Retrieve comment from specific XML node in Python

ghz 17hours ago ⋅ 2 views

I have the following "example.xml" file

<?xml version="1.0" encoding="UTF-8"?>
<root>
  <tag1>
  <tag2>tag2<!-- comment = “this is the tag1 comment”--></tag2>
    <tag3>
        <tag4>tag4<!-- comment = “this is the tag4 comment”--></tag4>
    </tag3>
  </tag1>
</root>

I'd like to retrieve the comment to a specific node. For now, I'm only able to retrieve all comments from the file, using the following

from lxml import etree

tree = etree.parse("example.xml")
comments = tree.xpath('//comment()')
print(comments)

As expected, this returns all the above comments from the file in a list:

[<!-- comment = \u201cthis is the tag1 comment\u201d-->, <!-- comment = \u201cthis is the tag4 comment\u201d-->]

However, how and where do I explicitly specify the node to which I want to retrieve its comment? For example, how can I specify somewhere tag2 to only return <!-- comment = \u201cthis is the tag4 comment\u201d-->

EDIT

I have a use case where I need to iterate over each node of the XML file.

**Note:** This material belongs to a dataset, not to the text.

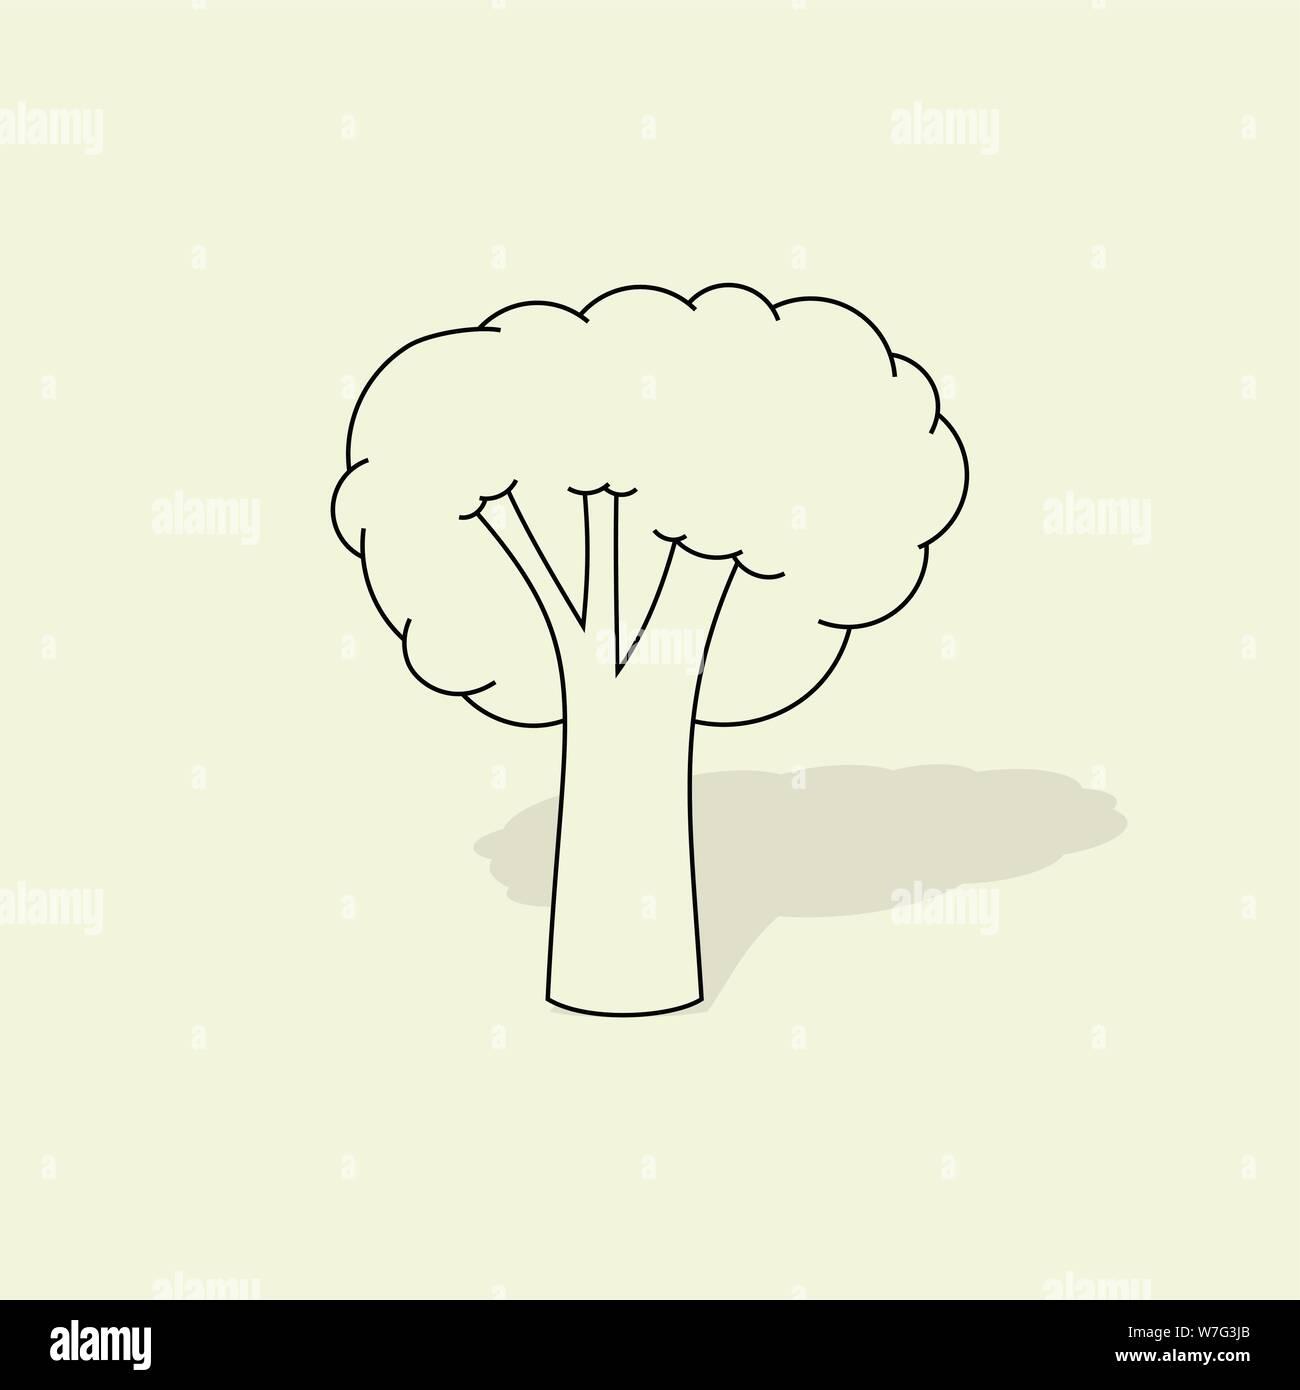 broccoli vector cartoon with black line no color concept design stock vector image art alamy https www alamy com broccoli vector cartoon with black line no color concept design image262812211 html
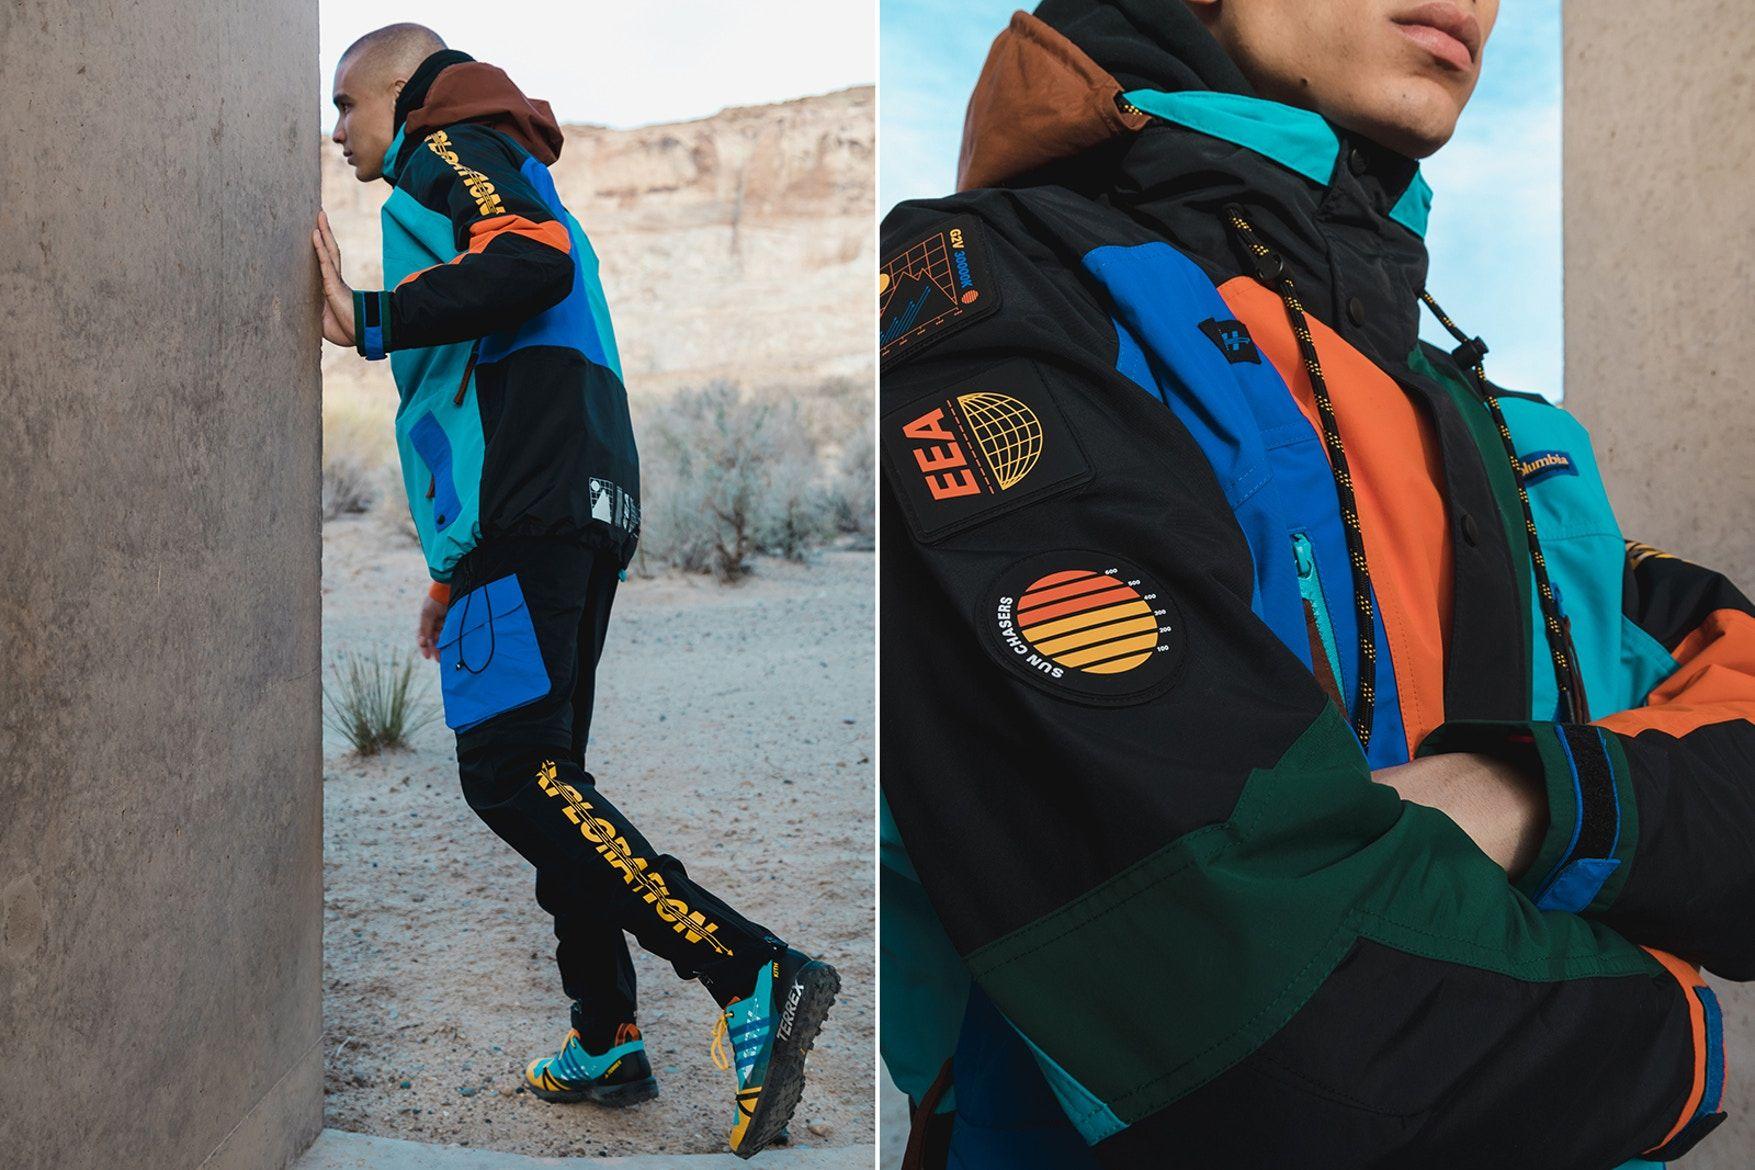 cc185c8c686 KITH Utah Collection EEA Element Exploration Agency fashion footwear  accessories 2018 Columbia Sportswear adidas TUMI Oakley G Shock Ronnie Fieg  release ...

If the iterator comes to a node that has more than one child with a comment, it returns all the comments of its children. For example, consider the following "example2.xml" file:

<?xml version="1.0" encoding="UTF-8"?>
<root>
    <tag1>
    <tag2>
      <tag3>tag3<!-- comment = “this is the tag3 comment”--></tag3>
      <tag4>tag4<!-- comment = “this is the tag4 comment”--></tag4>
    </tag2>
  </tag1>
  <tag1>
    <tag2>
      <tag3>tag3<!-- comment = “this is the tag3 comment”--></tag3>
      <tag4>tag4<!-- comment = “this is the tag4 comment”--></tag4>
    </tag2>
  </tag1>
</root>

If I follow the same steps as above, when the loop iterates at tag1/tag2, it returns all of the comments for tag3 and tag4.

I.e.:

from lxml import etree

tree = etree.parse("example2.xml")
comments = tree.xpath('tag1[1]/tag2//comment()')
print(comments)

returns

[<!-- comment = \u201cthis is the tag3 comment\u201d-->, <!-- comment = \u201cthis is the tag4 comment\u201d-->]

My two questions are therefore:

  1. How can I just return the comment of the direct node rather than including any of its children?
  2. As the result is returned in the form of a list, how can I retrieve the value/text of the comment from said list?

Answer

To address your questions:

1. Retrieving a Comment for a Specific Node Only (Directly)

When using XPath, you can specify the path to the specific node and then retrieve the immediate comment for that node by using the following-sibling::comment() axis. Here's how:

from lxml import etree

tree = etree.parse("example.xml")

# Retrieve the comment for tag2 directly
comment = tree.xpath('//tag2/following-sibling::comment()')
print(comment)  # Outputs: [<!-- comment = “this is the tag1 comment”-->]

2. Retrieving Comments Without Including Children

To retrieve comments for just a specific level (i.e., exclude nested comments), you can use the xpath axis child:: to limit the scope to only direct children of the node in question.

For example, consider retrieving comments for tag2 in example2.xml:

from lxml import etree

tree = etree.parse("example2.xml")

# Retrieve direct comments of tag2 under the first tag1
comments = tree.xpath('//tag1[1]/tag2/following-sibling::comment()')
print(comments)  # Outputs: List of comments

3. Extracting the Text of Comments

The result of xpath is a list of Comment objects. To extract their text content, you can use .text on each comment in the list:

# Extract and print the text of each comment
comment_texts = [comment.text for comment in comments]
print(comment_texts)

Use Case Example

Here is how you can retrieve comments while iterating over nodes, ensuring only direct comments of the node are included:

from lxml import etree

tree = etree.parse("example2.xml")

# Iterate over tag2 nodes and retrieve their direct comments
tag2_nodes = tree.xpath('//tag2')
for tag2 in tag2_nodes:
    comments = tag2.xpath('following-sibling::comment()')
    comment_texts = [comment.text for comment in comments]
    print(f"Comments for node {tag2.tag}: {comment_texts}")

Output Example

For the example2.xml, the above code will output:

Comments for node tag2: ['comment = “this is the tag3 comment”', 'comment = “this is the tag4 comment”']
Comments for node tag2: ['comment = “this is the tag3 comment”', 'comment = “this is the tag4 comment”']

Key Insights:

  1. Use following-sibling::comment() or similar axis expressions to target specific comments directly associated with a node.
  2. Use .text to extract the text value from comment nodes returned by xpath.
  3. Carefully construct your xpath to limit the scope to direct children or specific nodes, avoiding unwanted nested results.